Deficiency of angiogenic and neurotrophic factors under long term diabetes is known to lead to Schwann cell degeneration, clinically manifested as Diabetic Neuropathy (DN). While the transplantation of exogenous allogenic Mesenchymal Stromal Cells (MSCs) has shown amelioration of DN through paracrine action, it is not known what functional changes occur in endogenous bone-marrow MSCs under chronic diabetes in terms of homing, migration and/or paracrine signalling with reference to the end-point clinical manifestation of Diabetic Neuropathy. We thus aimed at determining the changes in BM-MSCs under Type 1 Diabetes with respect to survival, self-renewal, oxidative status, paracrine activity, intracellular Ca²⁺ response and migration in response to pathological cytokine/chemokine, in reference to the time-point of decline in Nerve Conduction Velocity (NCV) in a rat model. Within one week of diabetes induction, BM-MSCs underwent apoptosis, and compromised their self-renewal capacity, antioxidant defence mechanism and migration toward cytokine/chemokine; whereas epineurial blood vessel thickening and demyelination resulting in NCV decline were observed only after three weeks. By two- and three-weeks post diabetes induction, BM-MSC apoptosis reduced and proliferative ability was restored; however, their self-renewal, migration and intracellular Ca²⁺ response toward pathological cytokine/chemokine remained impaired. These results indicate that T1D induced intrinsic functional impairments in endogenous BM-MSCs occur before neuropathy onset. This timeline of functional alterations in BM-MSCs also suggest that treatment strategies that target the bone marrow niche early on may help to modulate BM-MSC functional impairments and thus slow down the progression of neuropathy.

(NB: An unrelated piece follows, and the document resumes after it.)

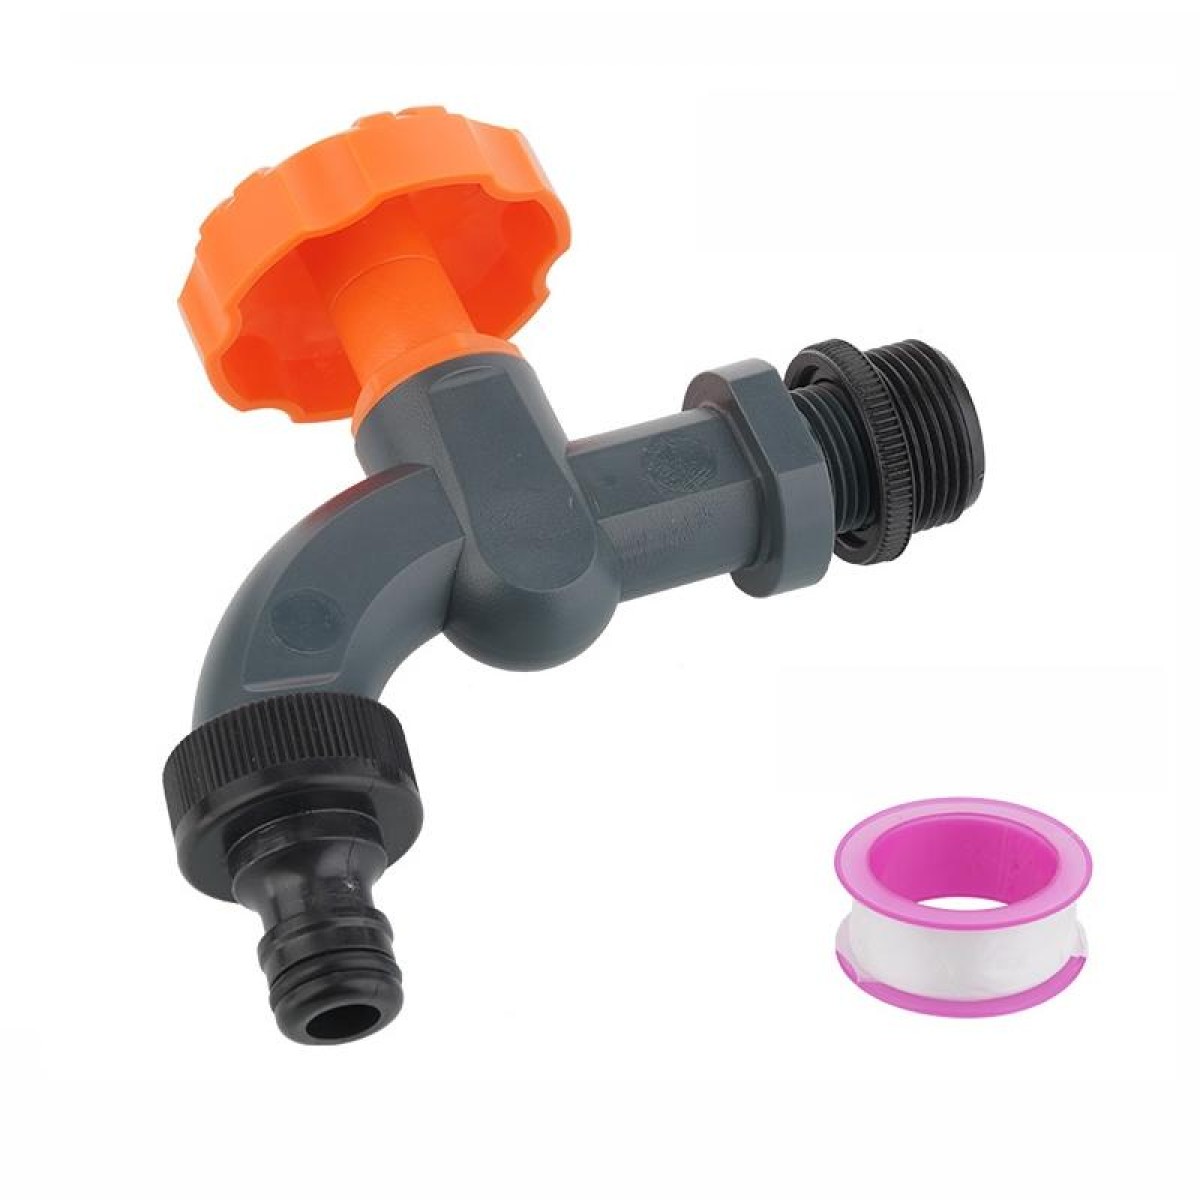 Outdoor Garden Connector Courtyard Valve Switch Faucet, Specification: With 6 Point Pacifier+Double Thread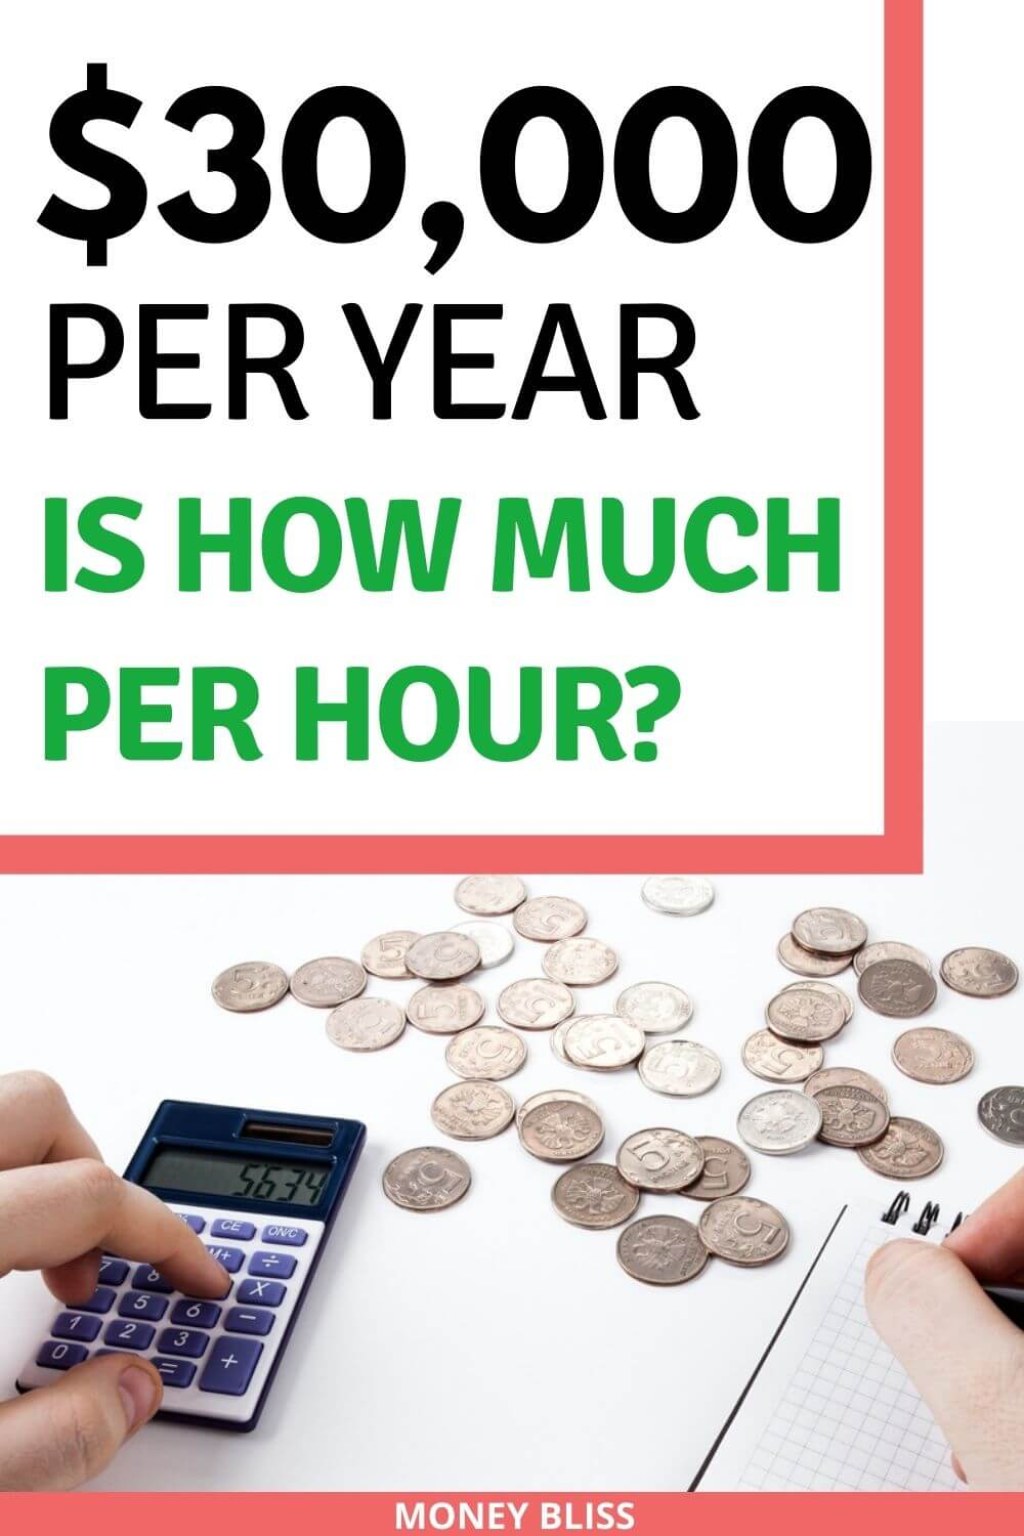 budgeting on 30 000 a year - $ a Year is How Much an Hour? Good Salary or No? - Money Bliss

已知长期糖尿病下血管生成和神经营养因子的缺乏会导致雪旺氏细胞变性，临床上表现为糖尿病性神经病 (DN)。虽然外源同种异体间充质基质细胞 (MSC) 的移植已显示通过旁分泌作用改善 DN，但尚不清楚慢性糖尿病下内源性骨髓 MSC 在归巢、迁移和/或旁分泌信号传导方面发生了什么功能变化。参考糖尿病神经病变的终点临床表现。因此，我们旨在确定 1 型糖尿病下 BM-MSC 在存活、自我更新、氧化状态、旁分泌活性、细胞内 Ca ^{2+ 方面的变化}响应病理细胞因子/趋化因子的反应和迁移，参考大鼠模型中神经传导速度 (NCV) 下降的时间点。在糖尿病诱导的 1 周内，BM-MSCs 发生凋亡，并损害其自我更新能力、抗氧化防御机制和向细胞因子/趋化因子的迁移；而仅在三周后观察到神经外膜血管增厚和脱髓鞘导致 NCV 下降。糖尿病诱导后2-3周，BM-MSC凋亡减少，增殖能力恢复；然而，它们的自我更新、迁移和细胞内 Ca ²⁺对病理细胞因子/趋化因子的反应仍然受损。这些结果表明 T1D 诱导的内源性 BM-MSCs 的内在功能障碍发生在神经病变发作之前。BM-MSC 功能改变的时间线也表明，早期针对骨髓生态位的治疗策略可能有助于调节 BM-MSC 功能障碍，从而减缓神经病变的进展。